Die neue Saison hat begonnen wie die alte aufgehört hatte: mit Chaos. Während im Vorjahr ein Renntermin verschoben worden war, so dass die Triathletinnen des Turnvereins nicht in Bestbesetzung antreten konnten, hatte sich nun eine Abitur-Prüfung verschoben, von Donnerstag auf den gestrigen Montag. Eine Erlanger fiel daher aus, die zweite hatte sich einen Nerv eingeklemmt. Und schon stand Ella Schmidt in Darmstadt an der Startlinie, ihrer Erkältung zum Trotz.

"Ich dachte mir, ich probier’s", sagt die 26-Jährige. "Beim Laufen bin ich dann aber raus." Im Rennen waren für das Erlanger Damen-Team fortan nur noch Stefanie Walter, Katharina Kern und Zila Kosta, die als Nachwuchstalent eingesprungen war. Dabei hatte es zu Beginn so gut ausgesehen: "Stefanie kam als Erste aus dem Wasser", sagt Schmidt. "In der Radgruppe musste sie dann sehr viel arbeiten." Die Folge: Beim Laufen reichte die Kraft nicht mehr, Walter fiel auf Rang zwölf zurück.

"Sie hatte sich da selbst mehr erhofft, weil sie bislang gut drauf war in dieser Saison. Deshalb war sie sehr enttäuscht." Das galt für das gesamte Erlanger Damen-Team, das eigentlich in jedem Rennen aufs Podest wollte — natürlich ein Ziel, das nur in besserer Besetzung realistisch ist. Verloren ist noch nichts, schließlich war Darmstadt erst das erste von fünf Rennen in der zweiten Liga.

Erlanger holt Tagessieg

Der zweite Wettbewerb allerdings steht bereits am Samstag am Rothsee an. "Wir müssen schauen, dass wir bis dahin unsere Invaliden-Gruppe wieder fit bekommen", sagt Ella Schmidt. Dann besteht auch Hoffnung, dass mehr herauskommt als ein Gesamtrang sechs. "Und wir stehen jetzt auch noch nicht arg unter Druck, wir hatten nur einen schlechten Start."
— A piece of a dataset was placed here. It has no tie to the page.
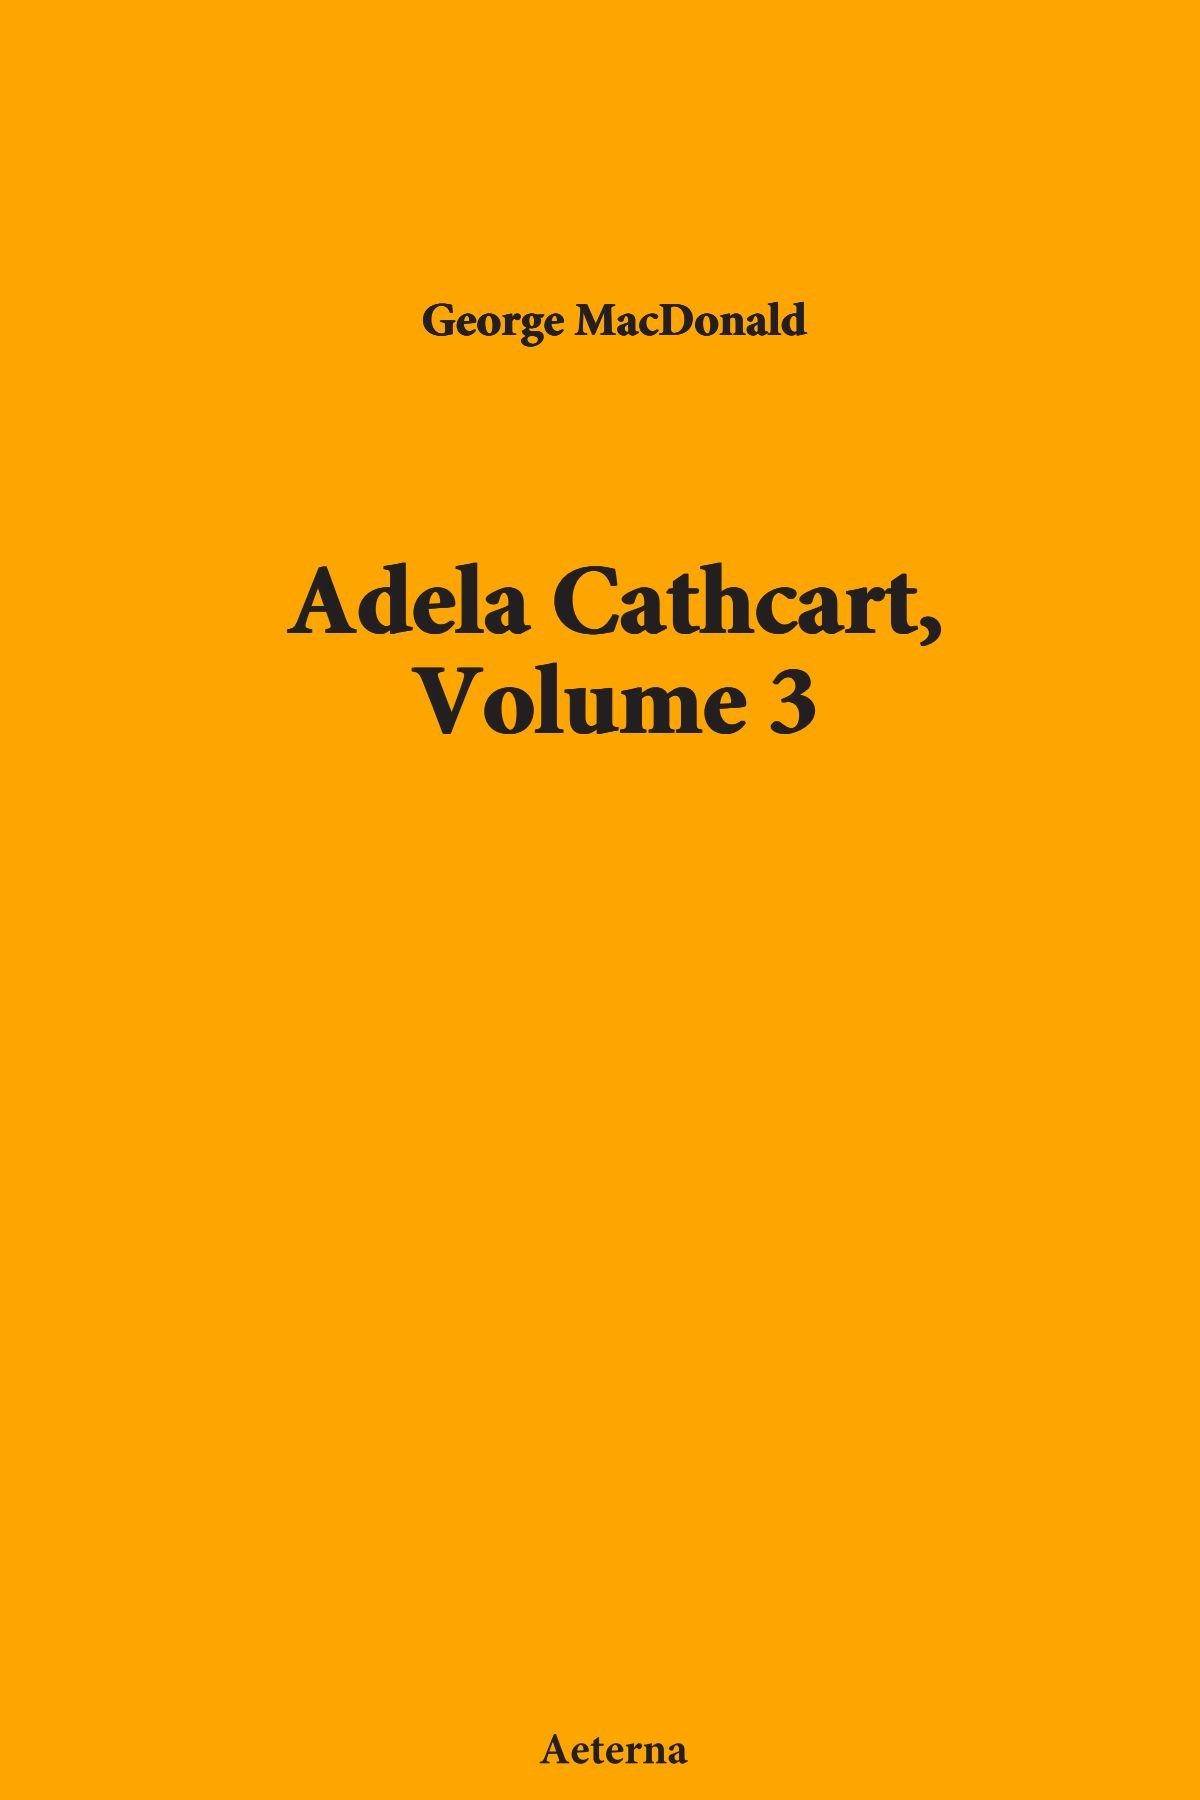 Adela Cathcart, Volume 3 pdf
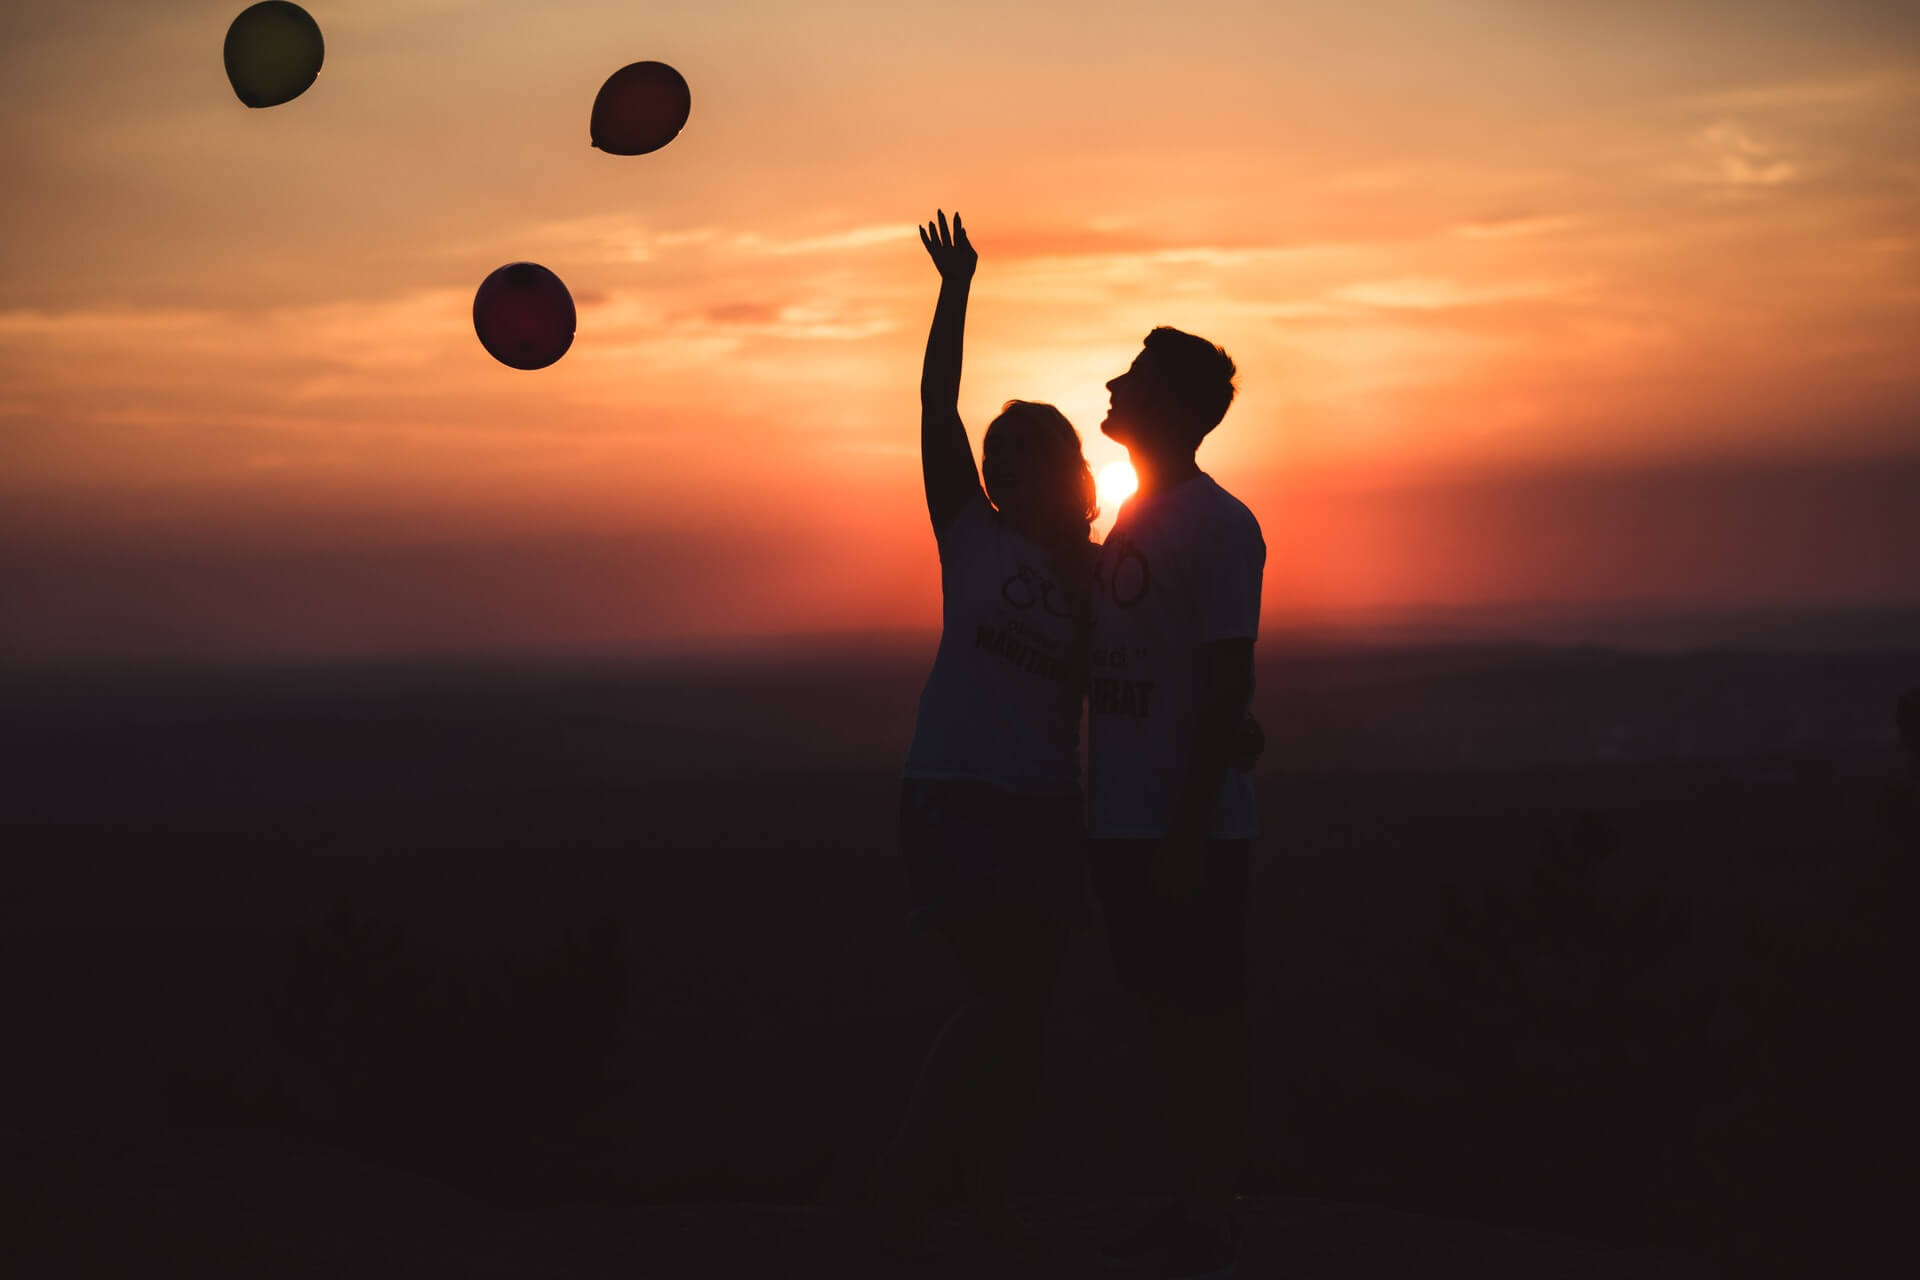 Soziale Beziehungen pflegen - Ziele im Leben

Das Herren-Team hat ebenfalls nicht überzeugt. Bester Erlanger — in einem deutlich größeren Starterfeld als bei den Damen — war Jannik Hoffmann auf Rang 44. Der Turnverein hatte auch hier Verletzungsprobleme, hinzu kommen die Abgänge der beiden Top-Talente Dion Heindl und Fabian Kraft, die in der Bundesliga starten.

Weil diese pausiert, war Kraft dennoch beim Zweitliga-Auftakt dabei, allerdings für die Reserve des DSW Darmstadt. Der Erlanger holte sich den Tagessieg. Die Punkte aber gingen an sein neues Team.